This takes place in the near future, but after Uther's death; minor spoilers up to "Lancelot"; established Merlin/Arthur.

Disclaimer: I don't own BBC's Merlin, I don't own the characters, I make no profit with this, no copyright infringement intended.


Tradition

"You're lying," Merlin said, hands rummaging through the heaps of fabric, again and again, as if he was hoping he'd unexpectedly find something acceptable to wear hidden somewhere among them. "I know you're lying."

"Oh, because you know about my family history, do you?" Arthur mocked from his chair, where he was comfortably installed, feet on the table, looking at him with amused eyes.

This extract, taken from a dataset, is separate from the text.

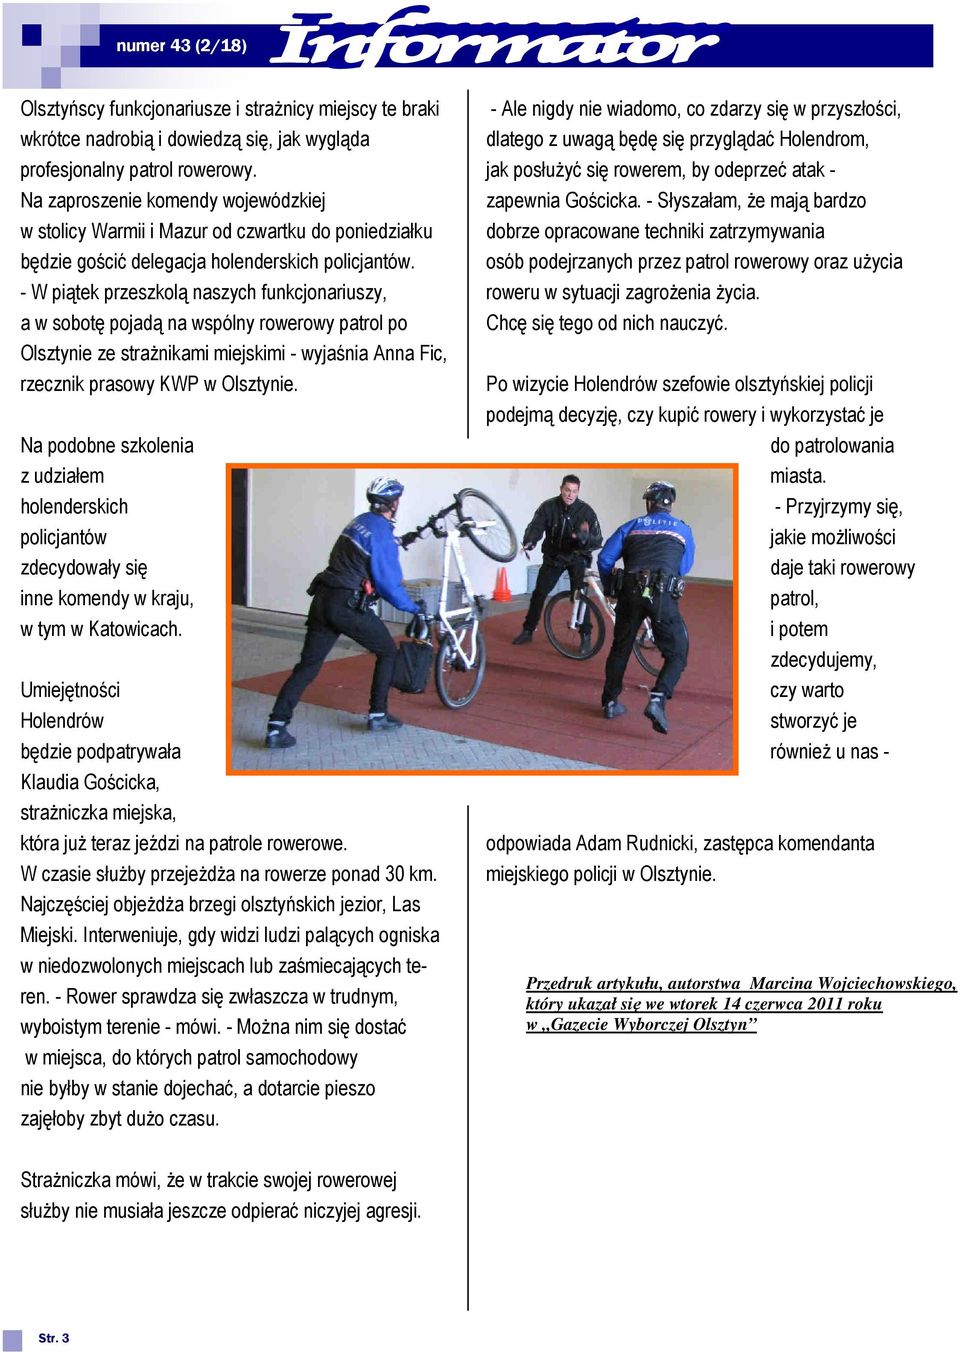 - W piątek przeszkolą naszych funkcjonariuszy, a w sobotę pojadą na wspólny rowerowy patrol po Olsztynie ze strażnikami miejskimi - wyjaśnia Anna Fic, rzecznik prasowy KWP w Olsztynie.

That was a bit rich, in Merlin's opinion, considering he was the one who had helped uncover the whole gruesome tale of Arthur's birth; he glowered at the prince – king, right. He'd need some more time to get used to that.

"I know," he said through grit teeth, "that magic was forbidden!"

"Only recently," Arthur explained in a tone of strained patience. "Before that, we used magic, we had a court magician, and he had official court magician robes."

"Oh, and your father kept all that a secret, but he kept the robes' designs around, did he?!" Merlin snapped. "And they look like –" He heaved the long, heavy, extravagant, multicoloured robes up accusingly. "– this."

"Yes, Merlin," said Arthur, his grave tone contradicted by the amused smile he was not trying to hide. "Now get dressed already."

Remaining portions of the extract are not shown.